Герцог допил вино, небрежно поставил бокал на столик.
— Неужели? Но как, черт побери! Впрочем, у нее, как и у папочки, конечно же, повсюду шпионы. Что ж, коронация — неплохой повод для того, чтобы выманить меня из Бретани. Но это ненадолго: клянусь честью, как только утихнут празднества, я отправлюсь к невесте. Черт возьми, такая милая девчушка, любит сладости и все, что блестит. И она подарит мне Бретань, Рибейрак! Неплохое приданое, как считаешь? Вот когда настанет пора свести счеты с дочкой старого короля.
— Это будет еще не скоро, принц, а пока я хотел бы передать вам просьбу гофмейстерины двора. Она желает побеседовать с вами.
— Мадам Катрин дю Бушаж? Твоя любовница? Любопытно. Не думаю, что она хочет о чем-то попросить: регентша не откажет ей ни в чем. Значит, эта дама намерена что-то предложить мне; если себя, то я отказываюсь: дважды входить в одну реку не в моих правилах.
— О, вряд ли столь знатной особе пришло бы это в голову, монсеньор. Как и многим, ей известны ваши привычки.
— Я тоже так думаю. Но ты, вероятно, знаешь или предполагаешь, о чем пойдет речь? Неужто она не сказала тебе?
— Не сочла нужным. Единственное, что я могу сказать вам по этому поводу, монсеньор, — гофмейстерина уверена, что вы не откажетесь от угощения, которое она вам приготовила.

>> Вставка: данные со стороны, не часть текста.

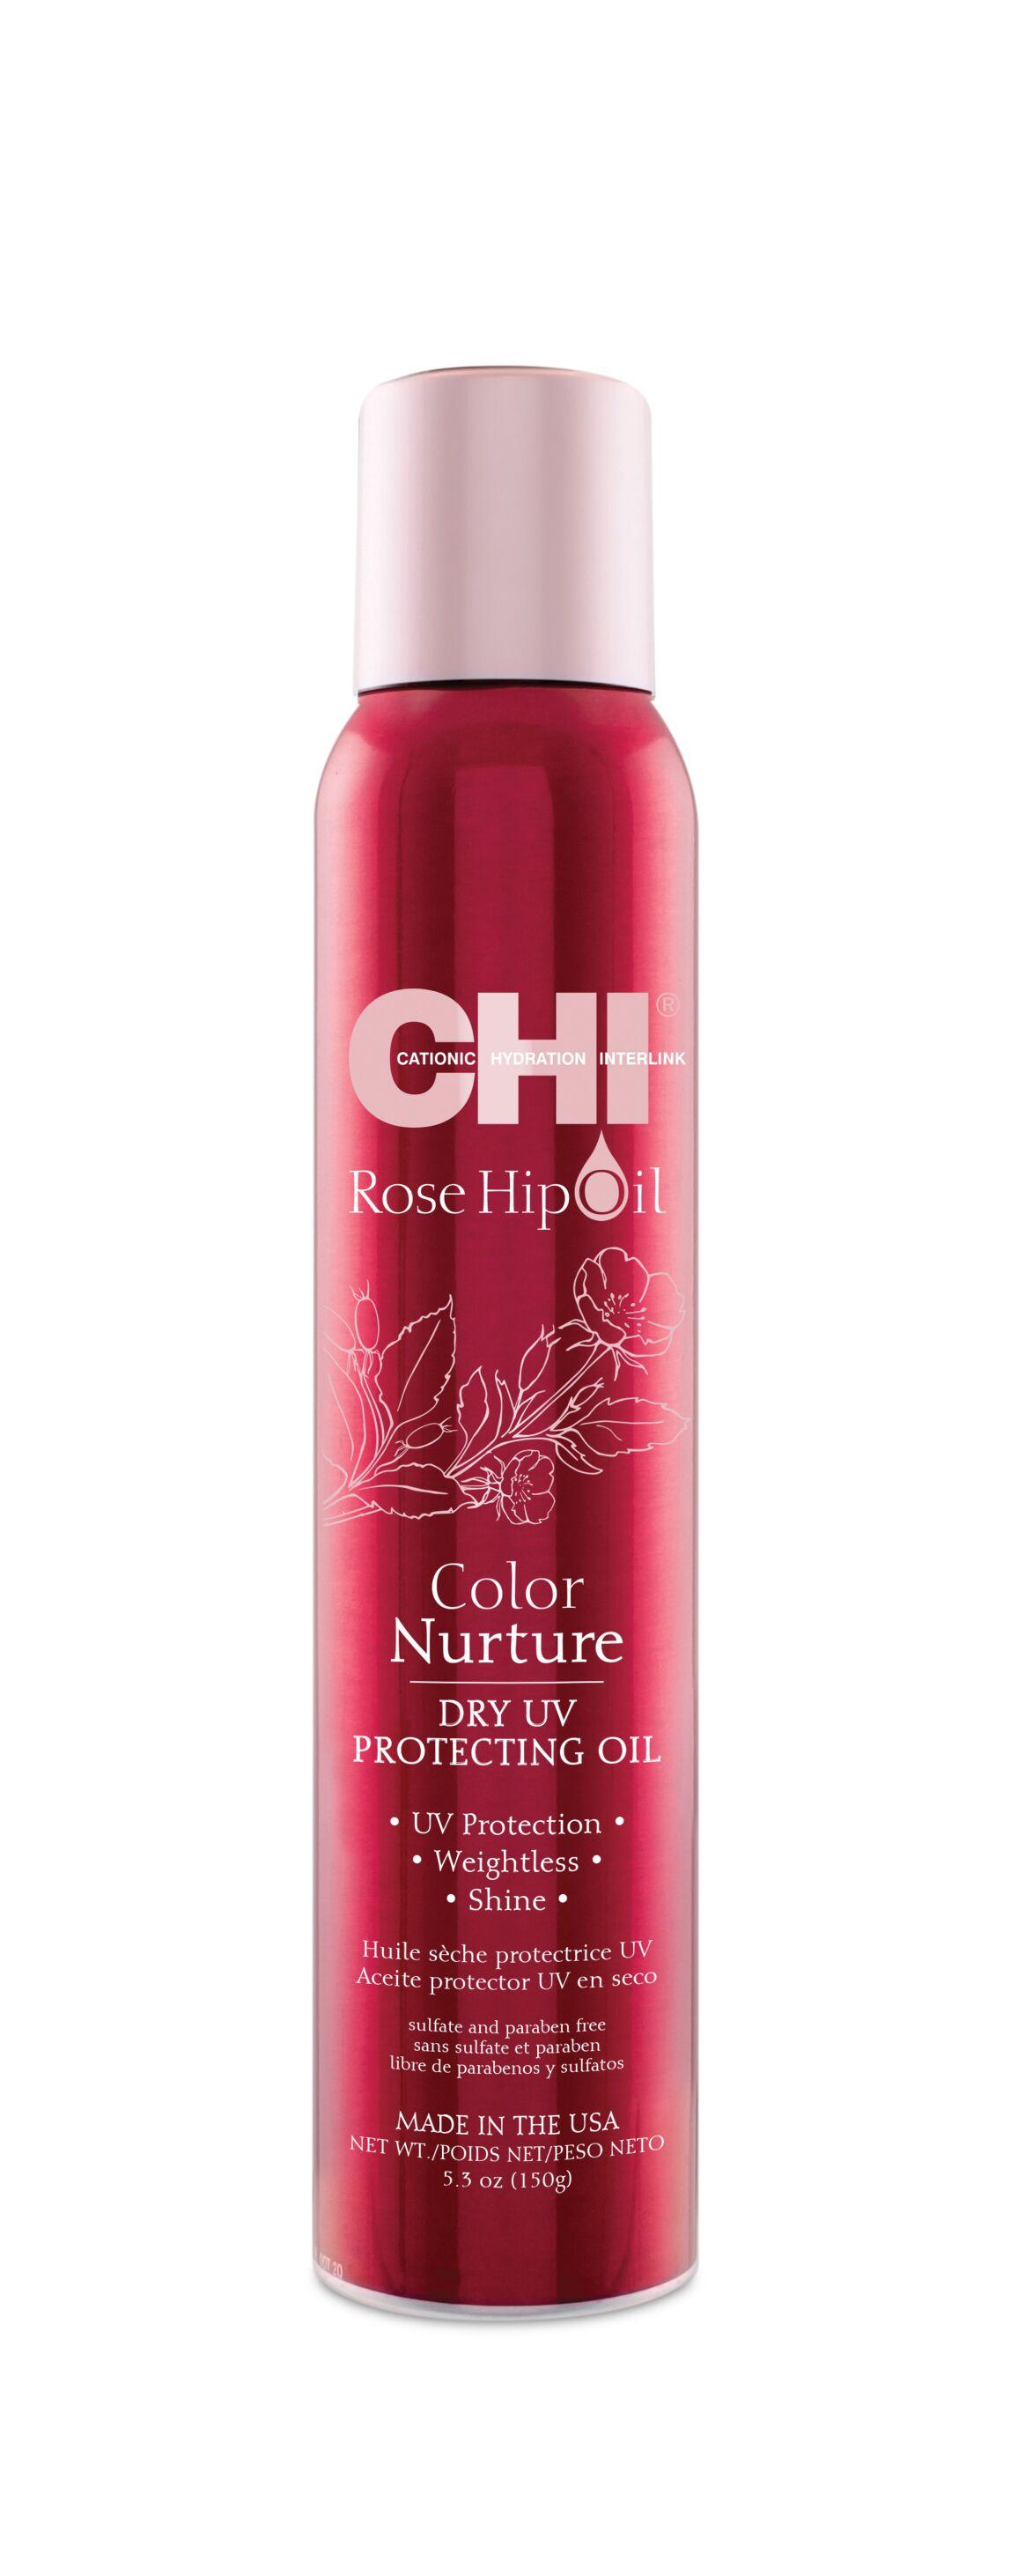 CHI Масло финишное для волос с экстрактом шиповника и защитой от УФ 150 мл

Глаза у герцога Орлеанского заблестели, губы медленно растянулись в плотоядной улыбке.
— Хм, вот даже как! Что ж, поглядим. Скажи ей, что я готов ее принять. Ты же, друг мой, как и раньше, будешь сообщать моим агентам интересующие меня сведения.
— Ваш покорный слуга, монсеньор.
И, откланявшись, Рибейрак ушел. Встретив немного погодя Этьена, он сказал ему:
— Все идет, как задумано: герцог клюнул на приманку.
— Из этого следует, Филипп, что ты по-прежнему пользуешься его доверием.
— И так же, как и раньше, я буду снабжать его людей сведениями, которые получу от регентши.
— Отлично! Что еще?
— Теперь все зависит от умения, с каким Катрин выполнит свою работу. Я мог бы сообщить эту новость мадам де Боже, но, полагаю, ей будет приятнее услышать об этом из твоих уст. Чтоб мне не пировать за столом сатаны, если это не так!
Этьен обнял друга:
— Благодарю тебя, Филипп, ты доставишь мне этим огромное удовольствие. Мне и…
— Твоей даме сердца?
— Тотчас же отправлюсь к ней.
— Она будет рада, друг мой, поверь, но не столько твоему сообщению, сколько вашему свиданию, клянусь кончиками хвостов всех бесов ада!
— Что вселяет в тебя такую уверенность, Филипп?
— Я видел, как она поглядела на тебя, а потом улыбнулась, когда мы выходили из собора. Это значит, мой бедный влюбленный, что лед тронулся; верь мне, знака вернее этого быть не может, чтоб мне довелось поцеловать самую страшную ведьму!
Глава 17ПАРИЖ И СЕМЬ ЦВЕТОВ РАДУГИ
Париж встречал юного короля столь же восторженно, сколь и других монархов. Он любил их всех, возвращавшихся из Реймса, и не скупился на улыбки, смех, крики радости, на вымпелы с гербами города и рода Валуа, на вино и цветы. Ну и, разумеется, на хорошеньких девушек, которые многообещающе глядели на молодых придворных, разодетых в шелка и бархат, слепящих белизной зубов. Ломились столы от еды и питья, из фонтанов вместо воды било вино, улицы вычистили до блеска, фасады домов украсили разноцветными полотнищами из шелка и коврами, мостовую посыпали травами и благоухающими цветами.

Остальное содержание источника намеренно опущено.